Research Consultant and Basin Modeler
Chevron Energy Technology Company, Houston
Funded by the AAPG Foundation J. Ben Carsey Endowment
Marek Kacewicz is research consultant and basin modeler at Chevron Energy Technology Company in Houston, Texas. His primary responsibilities include research and technology applications integrating petroleum systems modeling, seismic inversion, velocity modeling, pressure prediction, geomechanics, and structural modeling.
Prior to Chevron, Marek worked as a research geologist at ARCO Exploration and Production Research Center in Plano (Texas, USA), as a basin modeler at Unocal Exploration & Exploitation Technology in Sugar Land in Houston (Texas, USA), Alexander von Humboldt Fellow at the Freie Universitaet Berlin (Berlin, Germany), and Research Assistant at the University of Warsaw (Warsaw, Poland).
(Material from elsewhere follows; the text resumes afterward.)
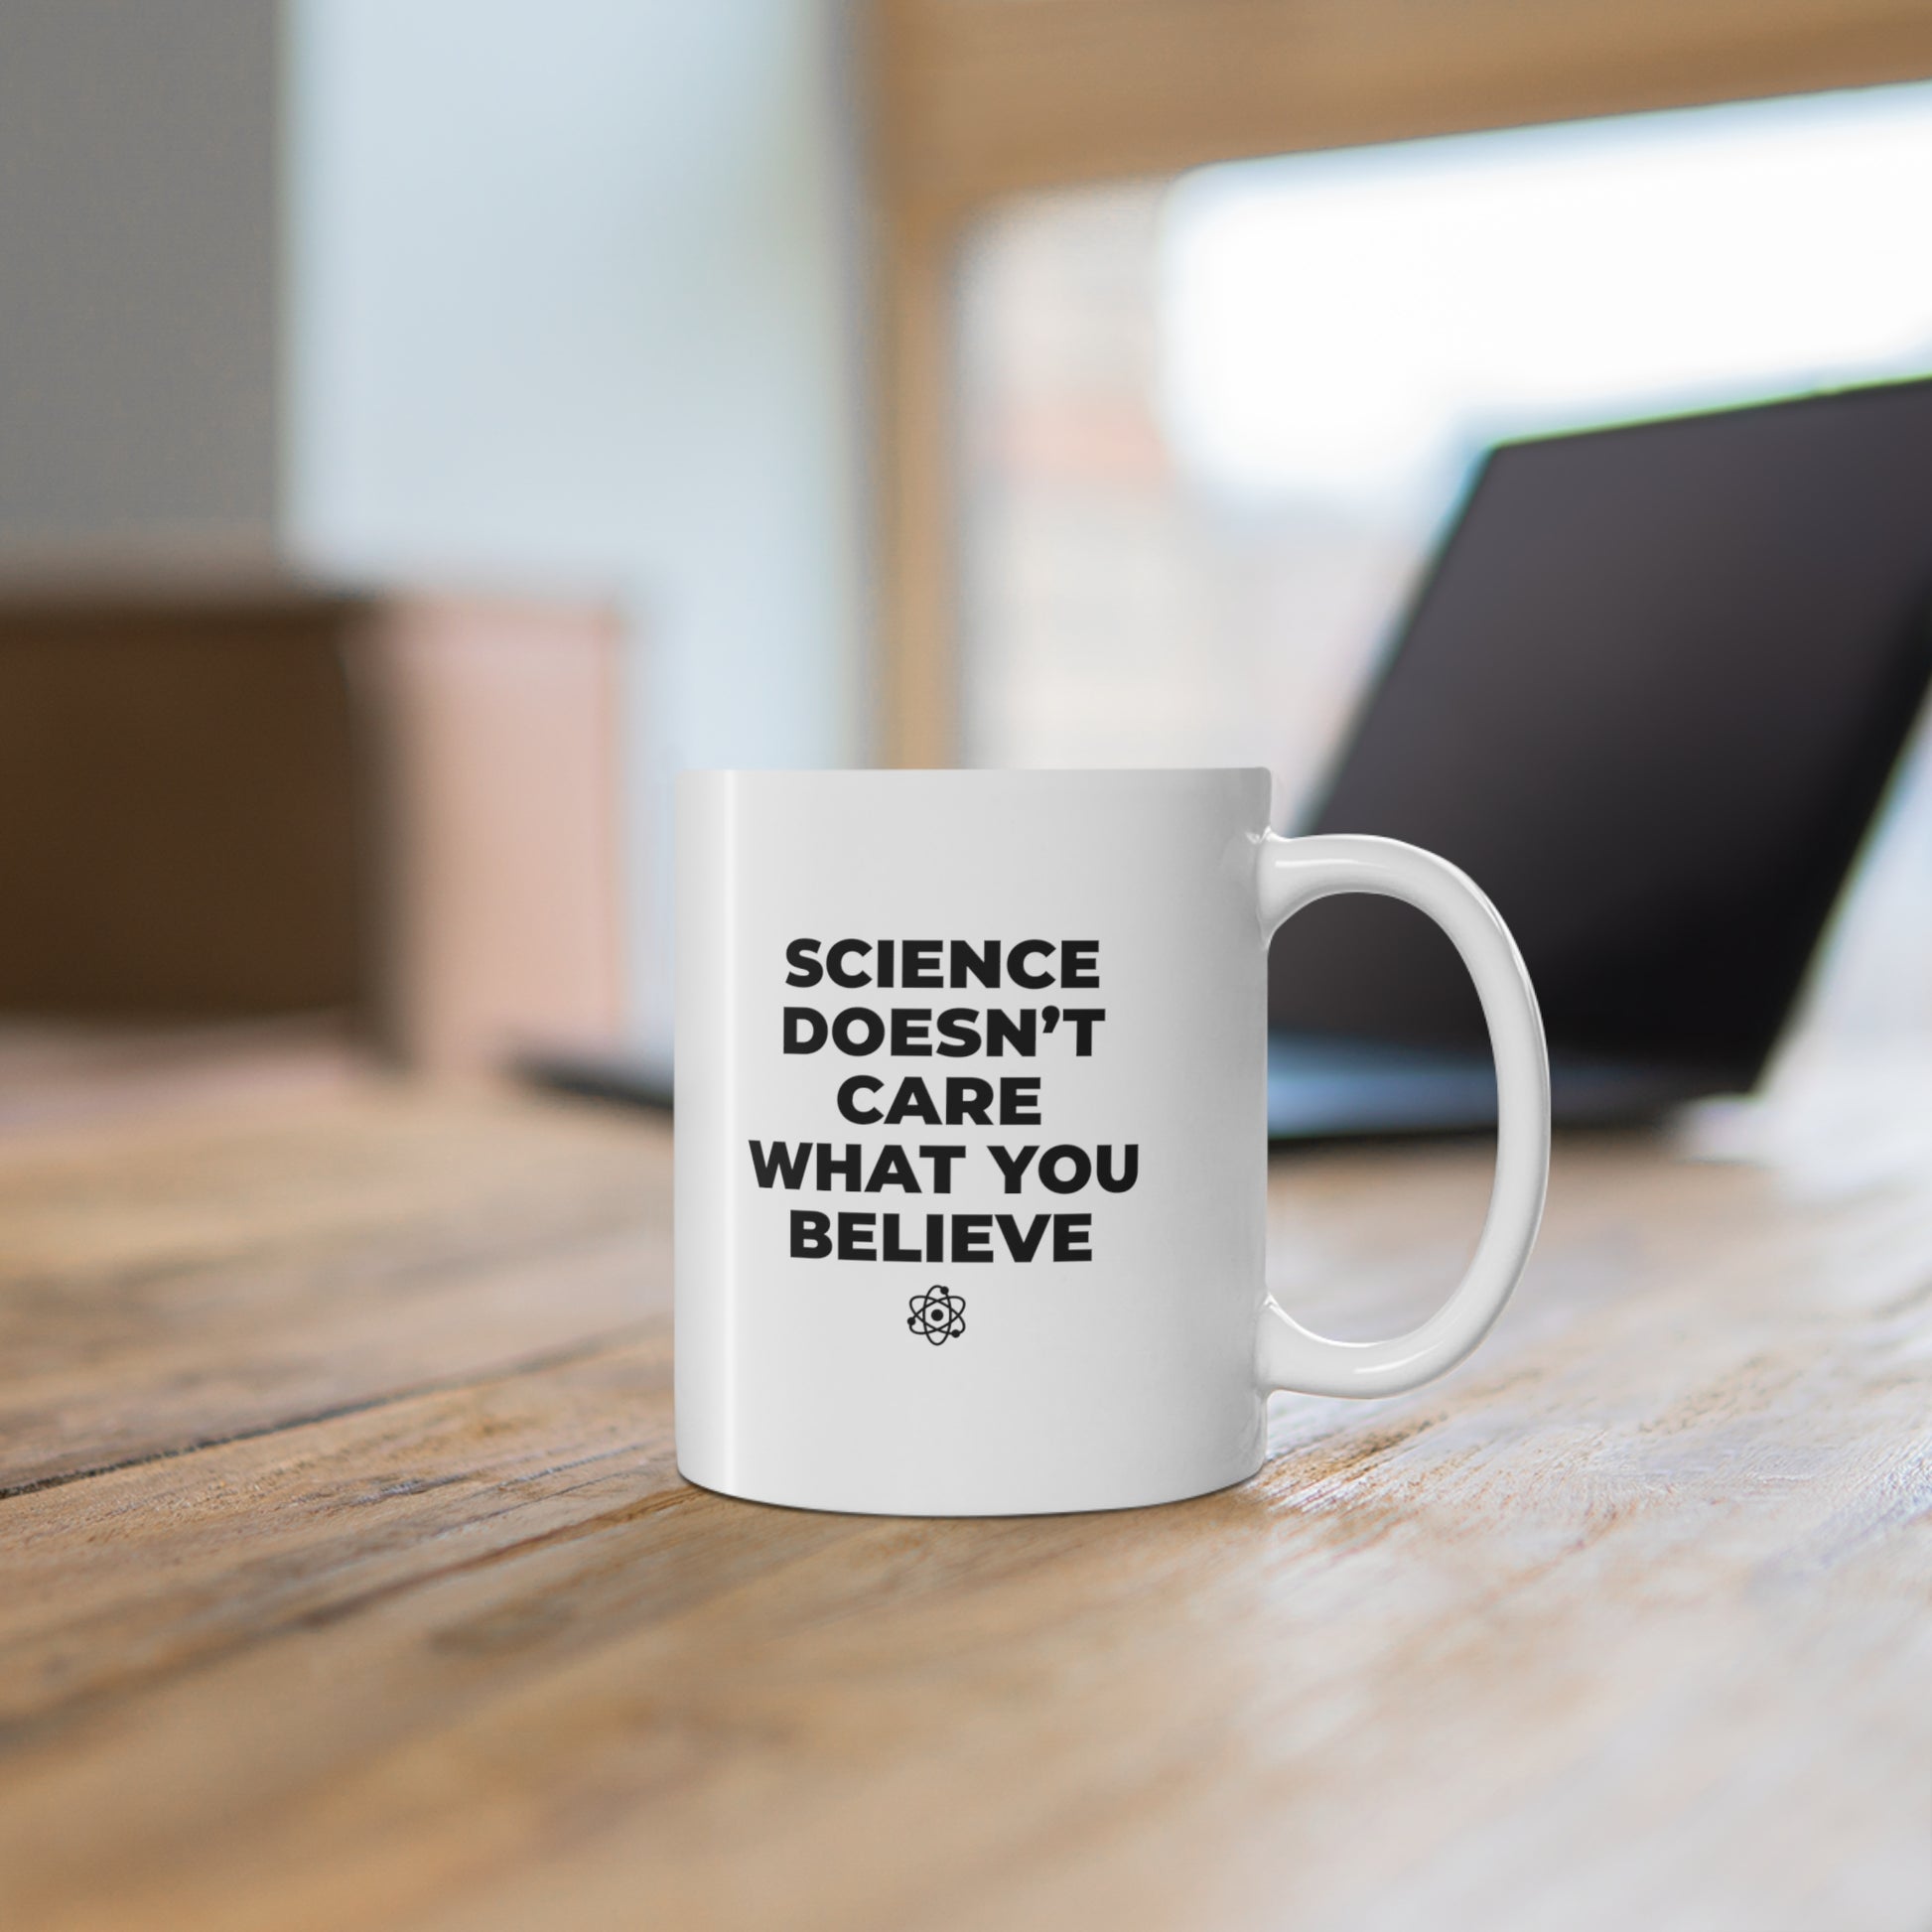 11oz ceramic mug with quote Science Doesn't Care What You Believe

Marek has over 20 years of experience in petroleum systems modeling, exploration, and research.
His experience includes both conventional and unconventional resources and covers a wide range of sedimentary basins worldwide. Some of Marek's professional honors include receiving the 1986 International Association for Mathematical Geology Vistelius Research Award, being selected for the Alexander von Humboldt Fellowship (Germany); and receiving the 2005 AAPG Gabriel Dengo Memorial award.
Kacewicz has an M.S. degree in Numerical Mathematics / Computer Science and a Ph.D. in Earth Sciences, both from the University of Warsaw (Poland).
Our understanding of facies and internal connectivity within carbonate platforms is often inadequate despite the fact that carbonate petroleum systems are wide-spread throughout the world, account for ˜50% of world hydrocarbon reserves and have been heavily studied for many years. Petroleum systems modeling routinely used in exploration allows testing different facies distribution / connectivity scenarios and contributes to a better understanding of key uncertainties and reduction of exploration risk. However, if misused or based on insufficient input data, petroleum systems models may generate misleading results and lead to drilling unnecessary dry holes. This is especially true if the resolution of the model is too low or calibration data is sparse.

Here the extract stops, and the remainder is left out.